Of the many things going on in Seattle to honor Martin Luther King Day, basketball fans have every reason to be excited about the King Holiday Hoopfest at Hec Edmundson Pavilion, featuring an 8 p.m. showdown between Washington commits Tony Wroten (Garfield High School) and Hikeem Stewart (Rainier Beach).
The thing that came out of that was why not have a basketball tournament on Martin Luther King day. We thought it was a good way to take the state of Washington basketball and maybe take some interstate teams against a suburban team like Mercer vs. Garfield or something like that. I think it’s worked out really well to where it’s become a fun thing for the high school teams. The teams that play in the tournament seem to get fired up for it. I hear it’s on TV back there now. I think it really has turned out to be a great thing. Even though I started it I really shouldn’t get the credit for it because the guys that fulfilled are still doing their job.

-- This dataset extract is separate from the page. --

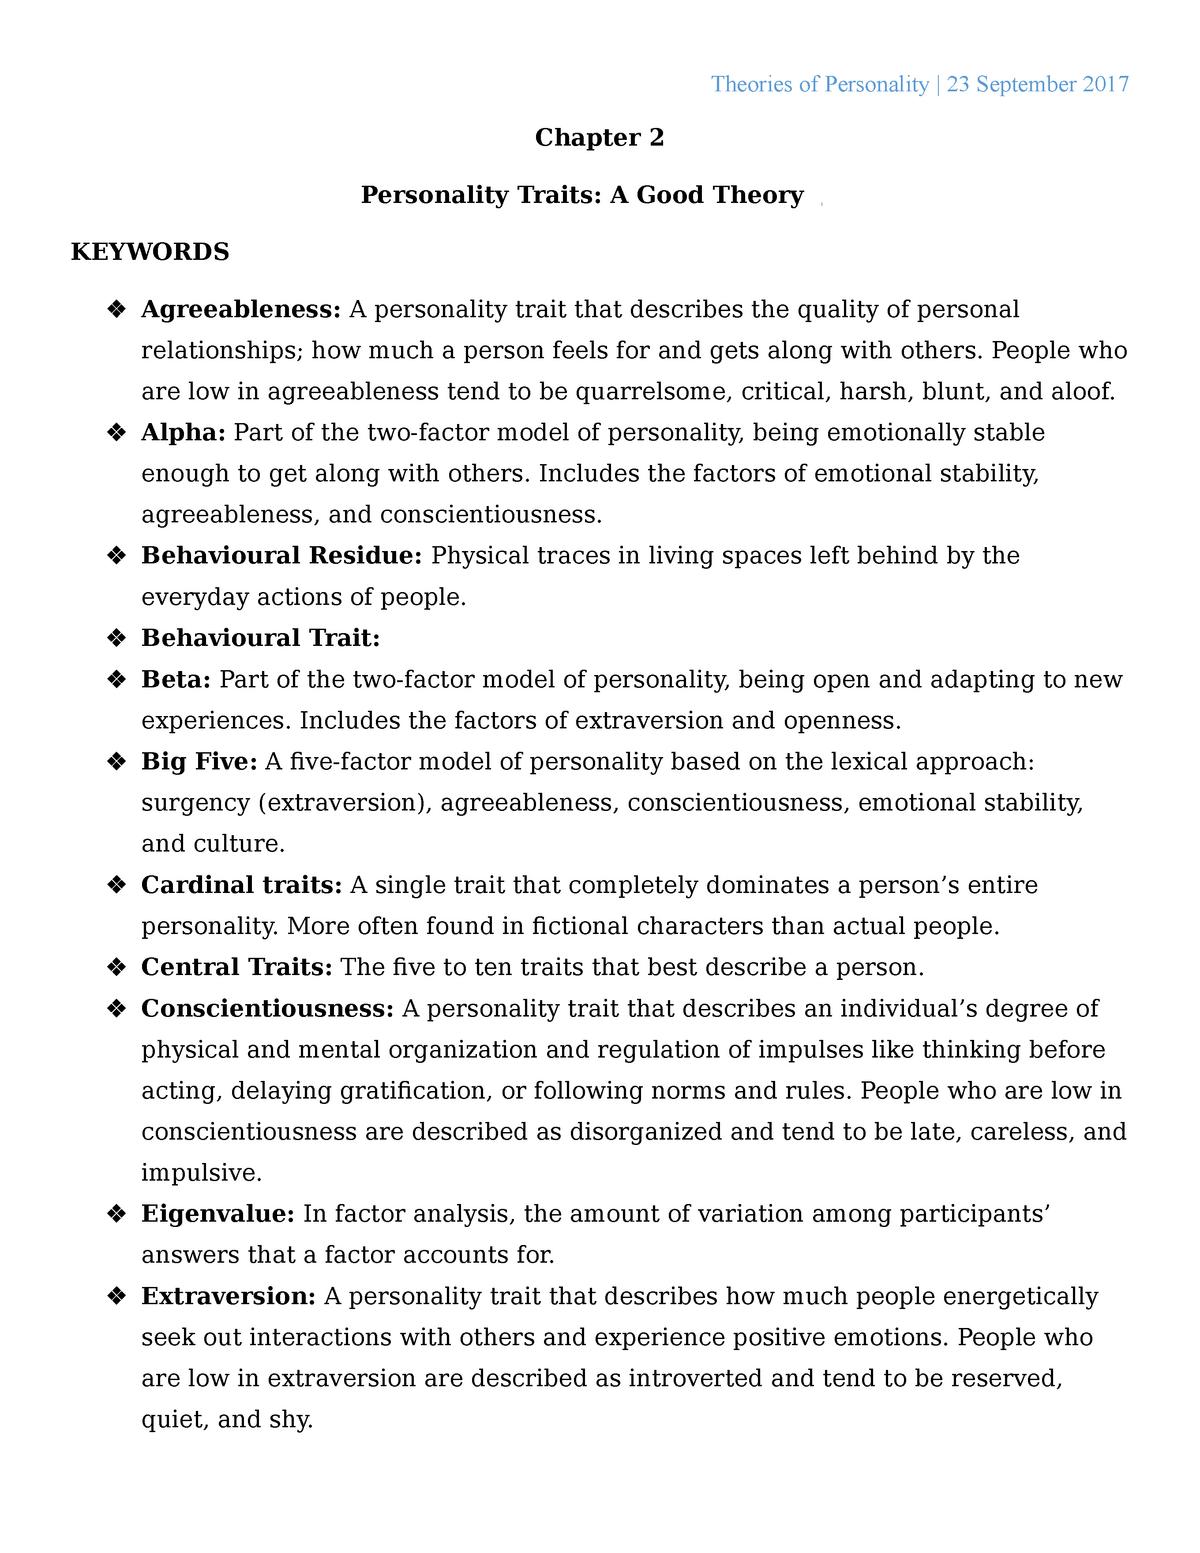 Big five extraversion questionnaire

However, while a lot of people talk about how playing basketball in this tournament somehow honors Dr. King's memory there are others who might consider it a day to "stay at home...read a book and think about what that man tried to do." And I certainly won't roll an eye at anyone who chooses to spend their day that way - reading, reflection, and mental activity are all good things that people could probably stand to do more often.
On the other hand, I'd also suggest there's more to it than that, which I'm sure you'll contemplate deeply while watching your favorite high school or pro team play today.

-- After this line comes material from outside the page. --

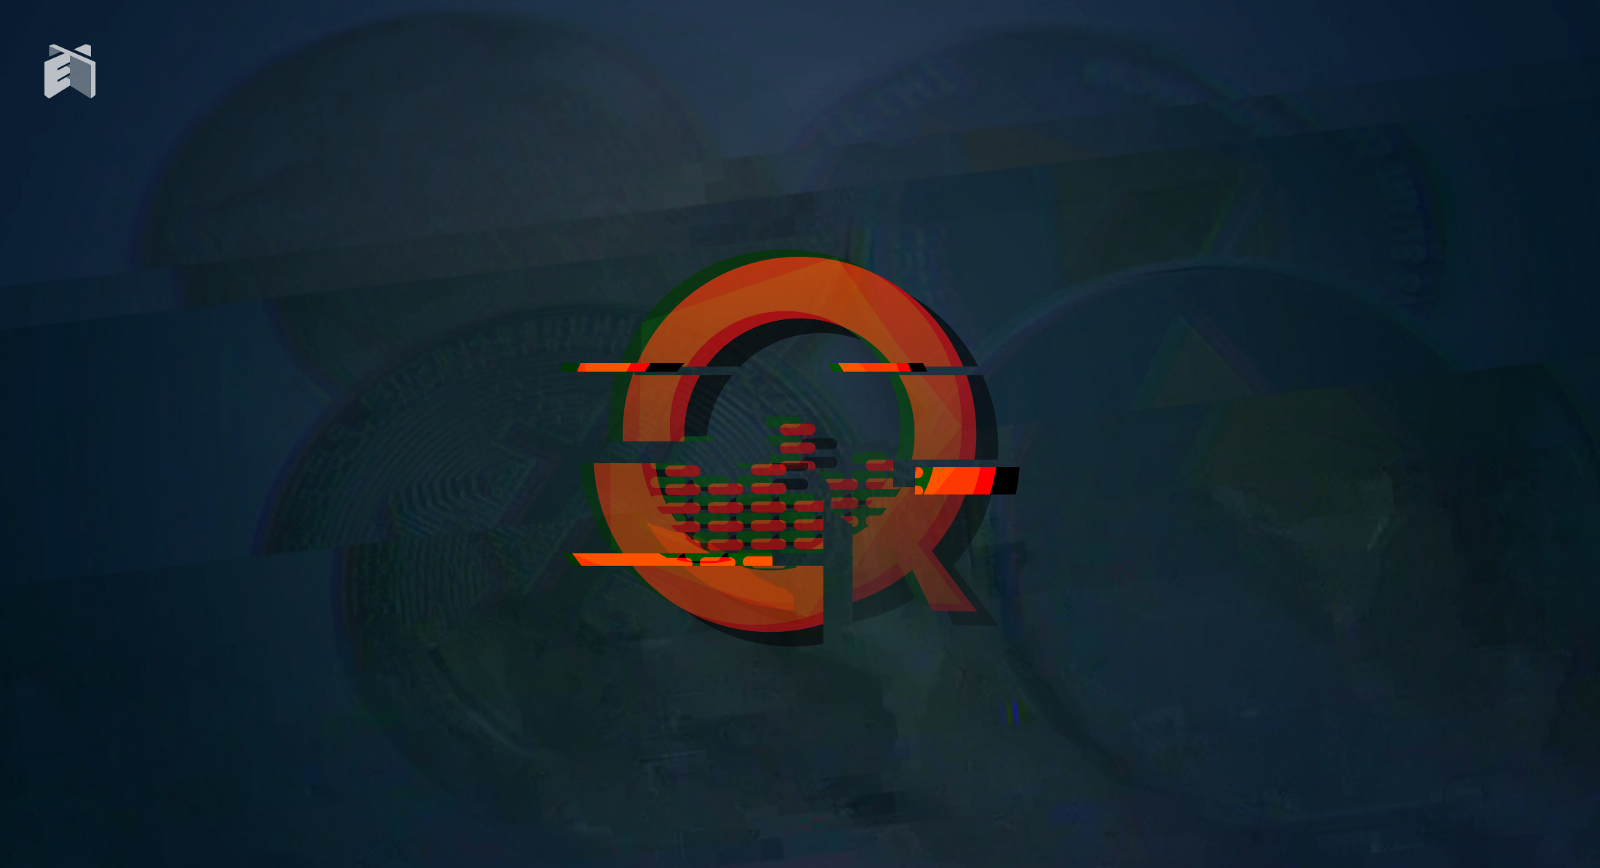 CEO del extinto exchange QuadrigaCX usaba fondos de los clientes durante años

Unfortunately, I'm not out to justify your decision to watch basketball if that's what you decide to do with your holiday.
To the contrary, I'd just suggest that it would be sort of absurd for anyone to claim the moral high ground for marching or cleaning up a park while you head to Hec Ed to watch basketball - anyone that truly thinks King's dream was about being nice to each other and doing service for a day either missed the point or has only listened to sound bytes about people holding hands. Making yourself feel good while watering down and misrepresenting history through service is not necessarily any more righteous than just ignoring it and can, in fact, be harmful.
In Bethlehem Shoals' meditation on this matter at FreeDarko.com, he also makes a point about the opposite extreme: that it would be ridiculous for someone to claim that there's "no more appropriate way to celebrate the life and legacy of Martin Luther King, Jr. than to play and watch basketball". Yet he also notes that there is some symbolic value to holding a local tournament that brings people in different walks of life together in a city that was segregated for a much longer time than most people are willing to acknowledge.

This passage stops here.